CS470 Project #2: "Featured Artist"

  • Stanford Vision and Learning Lab

  • Stanford University

Phase One: Extract, Classify, Validate

All possible combinations for all 8 features (centroid, flux, rms, mfcc, rolloff, zerox, chroma, kurtosis) are experimented through cross validation. Average classification accuracy for the 256 combinations of featrues are shown in the figure below (better viewed in zoom in).

mehod

From the figure, we can observe that:

  • The combination of (Flux, RMS, MFCC, Rolloff, Kurtosis) with 17d features gives the best classification accuracy of ~0.43. Feel free to use this finding in your projects!
  • Runner ups are: (Centroid, Flux, RMS, MFCC, Kurtosis), (Centroid, Flux, RMS, MFCC, Rolloff, Kurtosis).
  • We can see that the most effective featrues are: Centroid, Flux, RMS, MFCC, Rolloff, Kurtosis.
  • MFCC by its own can already achieve ~0.36 classification accuracy, which is the most effective feature from all possible choices.
  • ZeroX is the least effective feature. Don't use ZeroX.
  • Phase Two: Designing an Audio Mosaic Tool

    Wanna find out the similarities between PSY (singer of Gangnam Style) and Steve Jobs (Ex-CEO/founder of Apple)?
    Features & Instructions:

  • Run chuck our-osc.ck:jobs.txt:gangnam.txt to load features and start the transmission process.
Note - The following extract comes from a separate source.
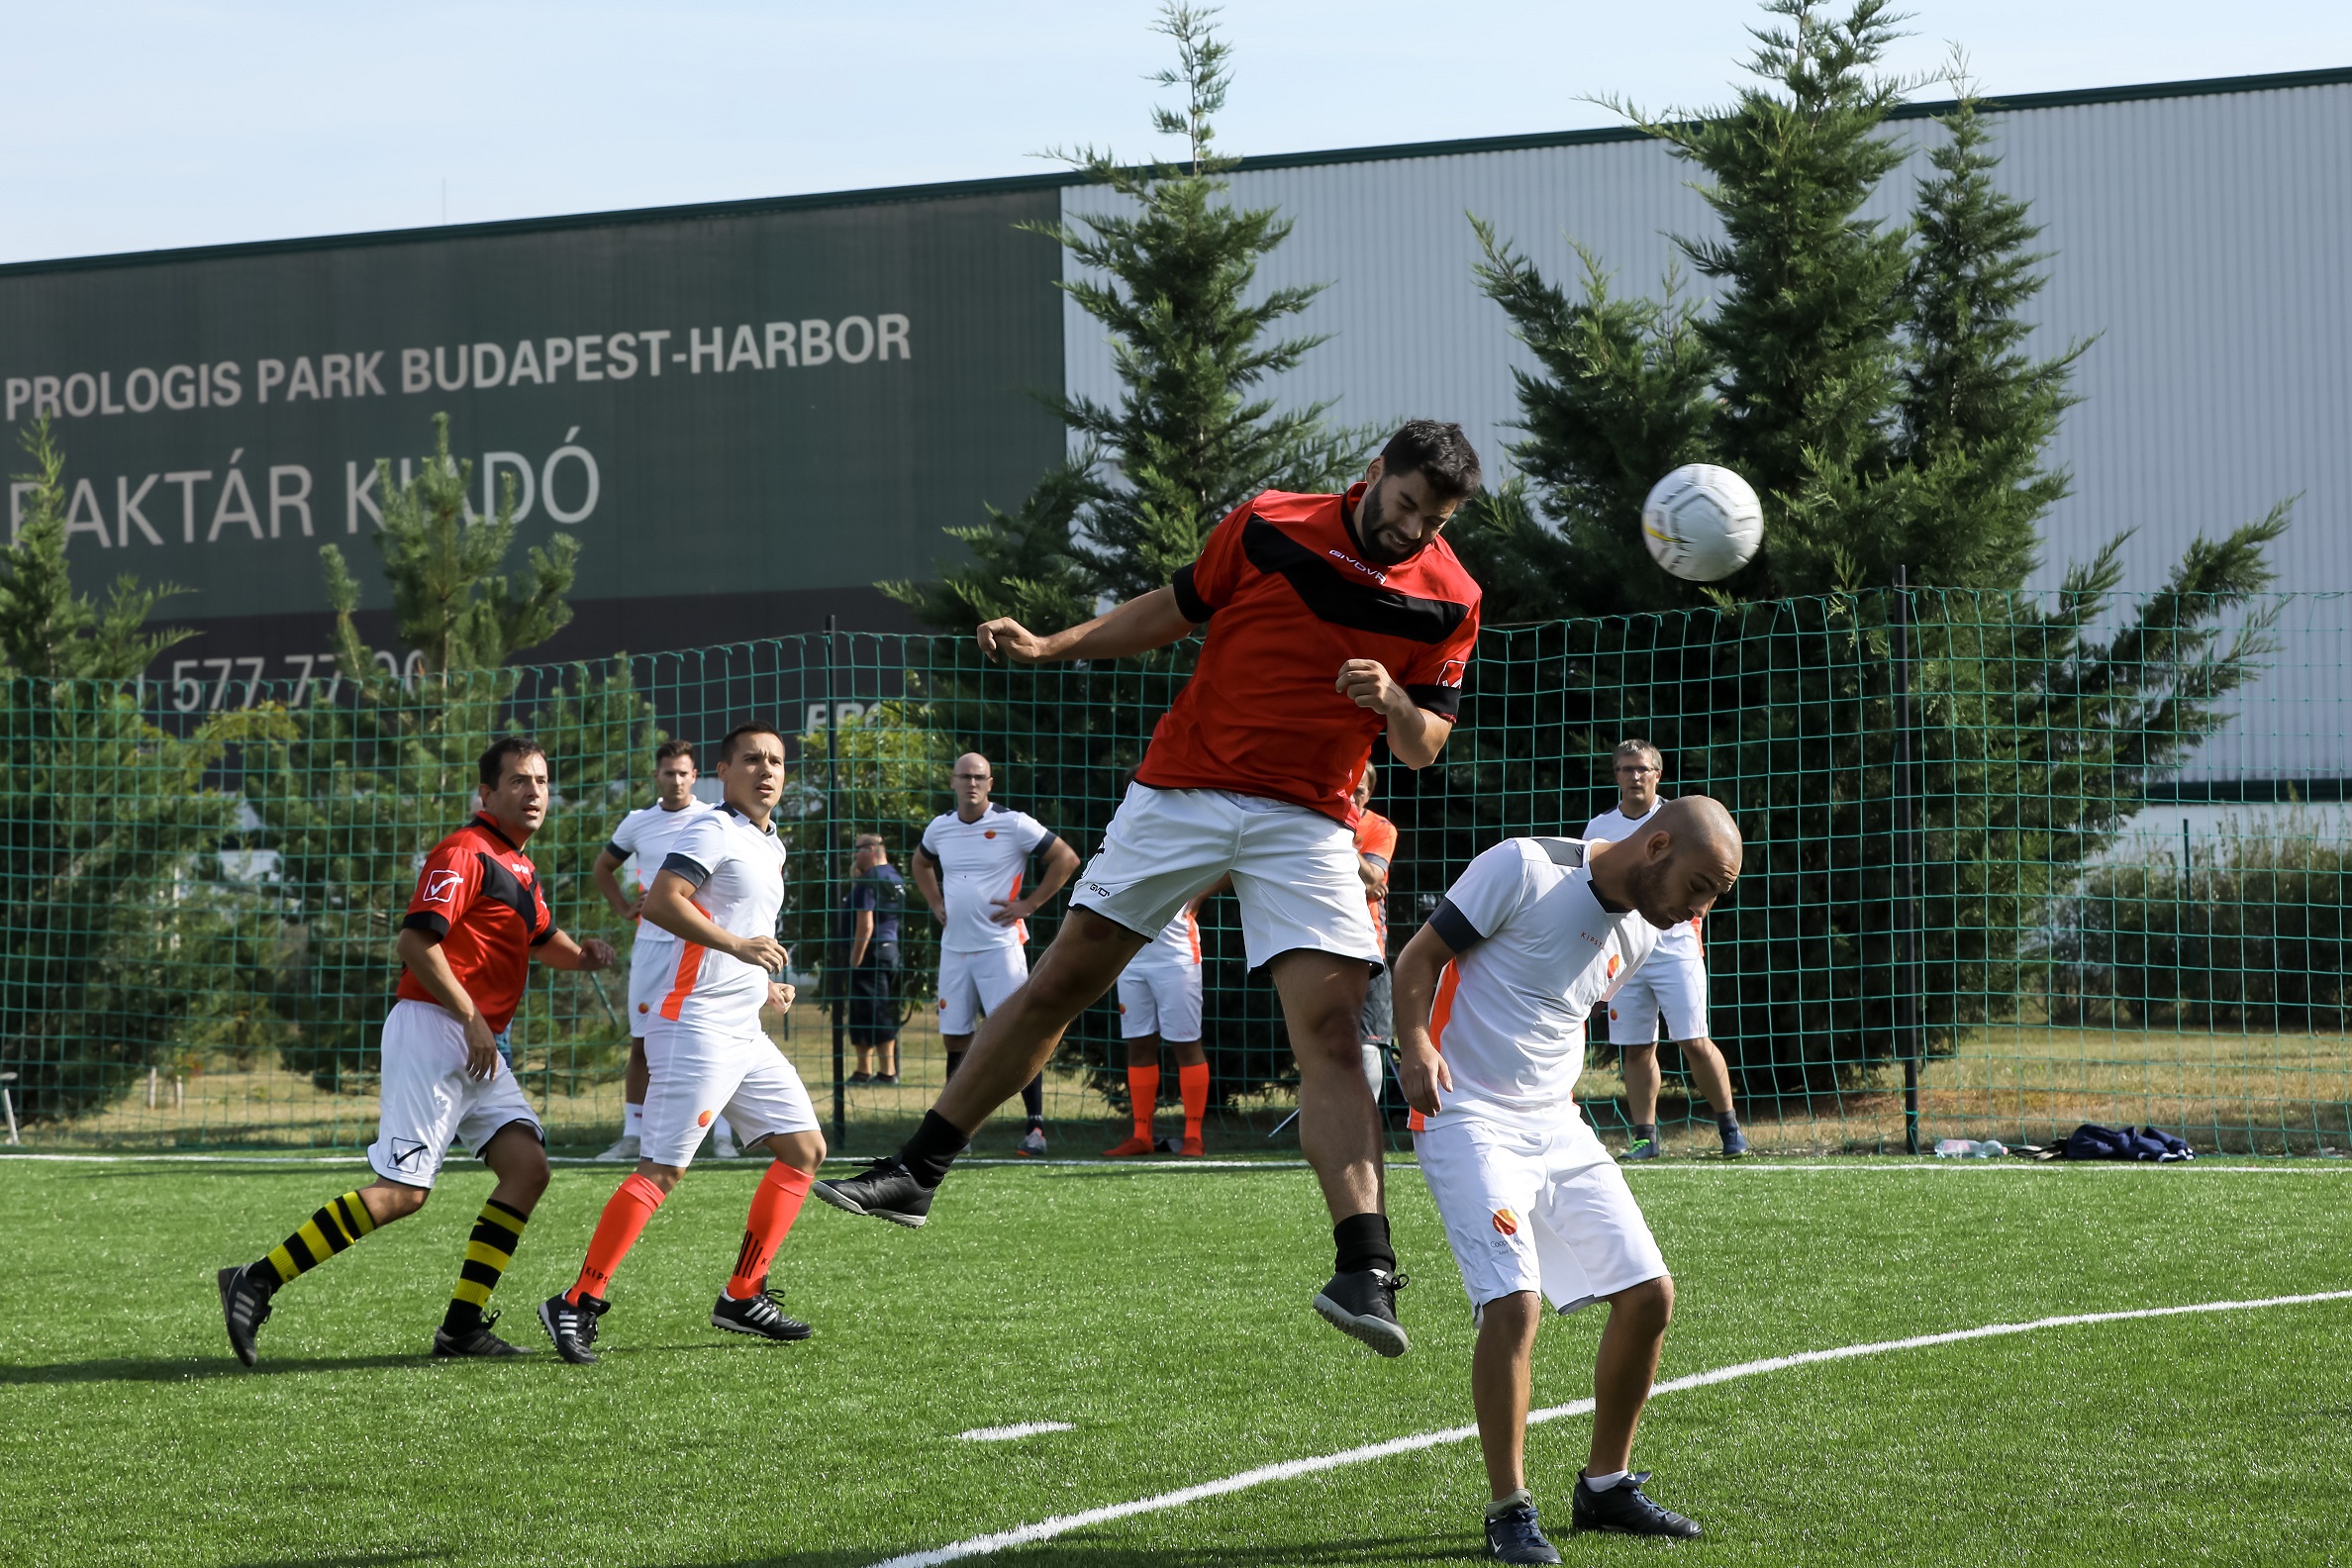 6th Prologis Budapest Football Games

Meanwhile, run phase2.pde via Processing to start the game UI.
  • Left click on the screen plays a piece of query audio.
  • Use 'A' and 'D' on keyboard to move the character left or right.
  • There are three doors, each linked with a video snippet, when the character is close to the door, the video will play automatically.
  • The goal of the program is to find the video with the most similar audio w.r.t the query audio.
  • Go find the best matching video, and press 'SPACE' at the door.
  • If you are correct, you will score one point. If you are wrong, you will lose one point.
  • After each try, the query audio as well as the videos will be refreshed.
  • Have fun :)
  • Phase Three: Make a Musical Mosaic!

    Creative statement:
    To make this form of interaction more creative, I will polish the prototype more to be a more formal game. It will present a new way of musical mosaic and a new way of human/music interaction in this scenario. To be more specific, sampling algorithm may be redesigned; there will be difficulty variations if a player score certain points. The entire visual representation will be significantly polished to be as 'artful' as possible.
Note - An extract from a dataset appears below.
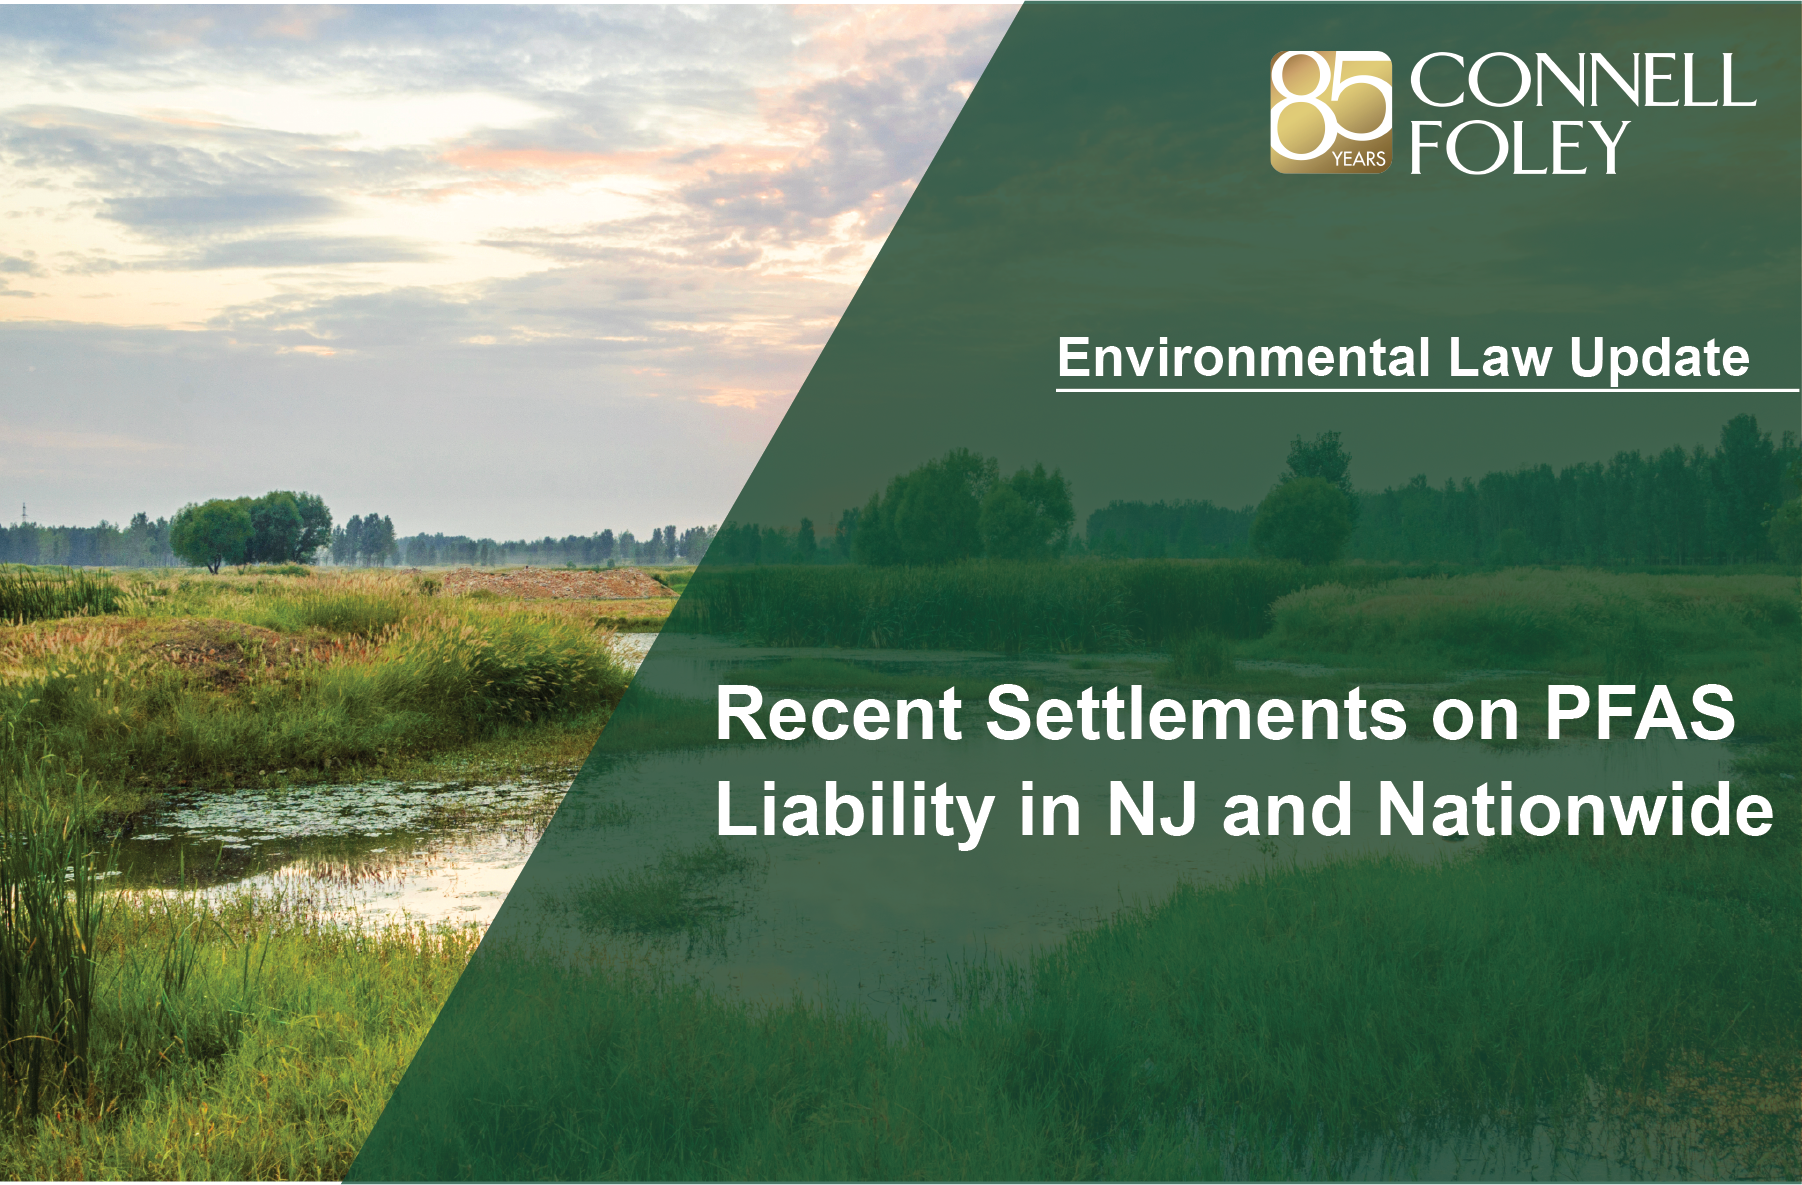 Recent Settlements on PFAS Liability in NJ and Nationwide

    Features & Instructions:

  • Run chuck our-osc.ck:jobs.txt:feifei.txt:ge.txt:gangnam.txt to load features and start the transmission process. Meanwhile, run phase3.pde via Processing to start the game UI. (remember to set the path to videos properly)
  • Left click on the screen plays a piece of query audio.
  • Use 'A' and 'D' on keyboard to move the character left or right.
  • There are 10 flag-separated regions, a video will paly when the character locates within a region.
  • The goal of the program is to find the video with the most similar audio w.r.t the query audio.
  • Go find the best matching video, and press 'SPACE' at the door.
  • If you are correct, you will move to the next level!
  • After each try, the query audio as well as the videos will be refreshed.
  • Have fun :)
  • Reflections: It is meaningful and fun in general to dive deep into musical mosaic. The major components of this task are two parts: feature extaction and feature matching. For feature extraction, although I have studied many combinations of features from FFT audio frequencies, it is still very uncertain to claim which feature could be the best to use. Also, most of the features are specialised for musical audio analysis, which may not be appropriate to describe spoken languages. In this way, I wonder if automatic feature engineering might be a better apporach. Moreover, for feature matching, although KNN is a common approach for similarity-based feature retrival (with good propertires), it is not tolerant to noise or large variance.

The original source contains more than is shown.